A Systematic Mixed Methodological Review of the Quantitative and Qualitative Methods Used in Mixed-Methods Published Research and IES Funded K – 12 Educational Statistical Analysis
Buros Center for Testing and University of Nebraska-Lincoln
Educational research involving mixed methods (MM) provides valuable context that may be missing from quantitative research. Although MM is encouraged by the Institute of Educational Sciences (IES), their guidelines do not reference its use. While most IES-funded research tends to be quantitative, if either quantitative or qualitative methods used within MM research lack rigor, then it is less likely to receive funding by IES and raises concerns regarding the quality of MM in the field of education. Guided by established complexity continua, this MM systematic review analyzes the methodological rigor of existing MM published and IES-funded research within education. The findings indicate that MM educational research reports the use of qualitative data more often than IES-funded studies do, while IES-funded studies implement more statistically complex quantitative methods. Future study should focus on identifying differences in MM designs, use of joint displays, and expertise in collaborative MM teams.

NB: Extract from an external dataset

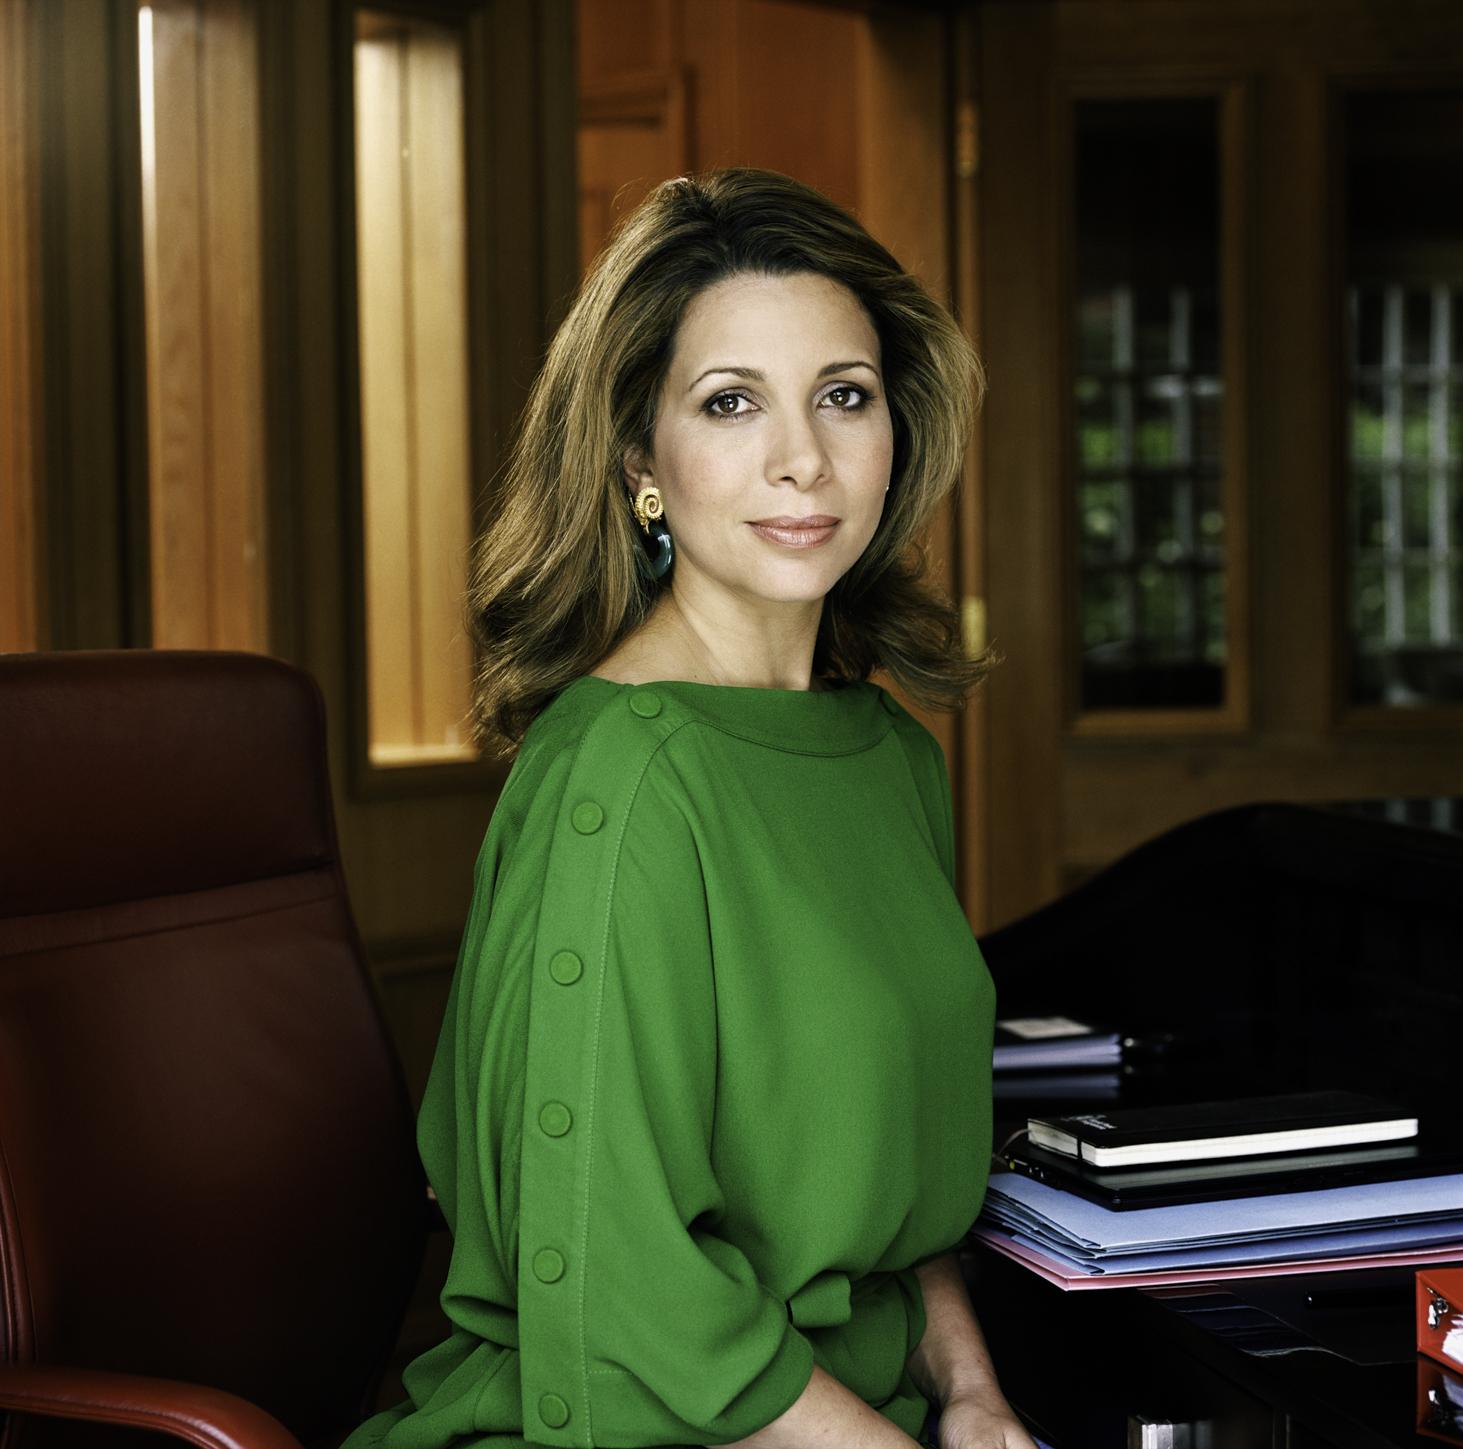 La princesa Haya bint Hussein escapó la semana pasada del reino de su marido en Dubái porque temía por su vida. (Archivo)

The purpose of this repository is to be transparent in showing the statistical tests and results for our exploration of the research methods and designs used between the Institute of Educational Sciences (IES) and non-IES funded mixed methods educational research. The data used derived from qualitative coding of articles published by journals and proposals advertised by IES via their website between 2014-2019. To better understand the screening of the sample of articles used, check out the PRISMA Chart document. Coding of relevant articles focused on the methodology and study designs rather than specific outcomes. Using MaxQDA, articles and IES studies were analyzed by the two authors who independently coded half of the articles and the IES proposals. The code list utilized was divided into five components: research method, IES research purpose, quantitative method, qualitative method, and mixed methods integration type. The codes for the quantitative and qualitative methods were organized using Onwuegbuzie (2016) a priori coding scheme which places method complexity along continuums. Using the RStudio environment (RStudio Team, 2021), statistical analyses were conducted via R Markdown to identify differences betweeen IES and non-IES funded studies in terms of reporting of methods and code complexities across these continuums. These were visualized through a set of bar charts that were divided into quantitative method, qualitative method, and research design by study purpose. You will also find a complete bibliography of published mixed methods educational research articles used for this systematic review.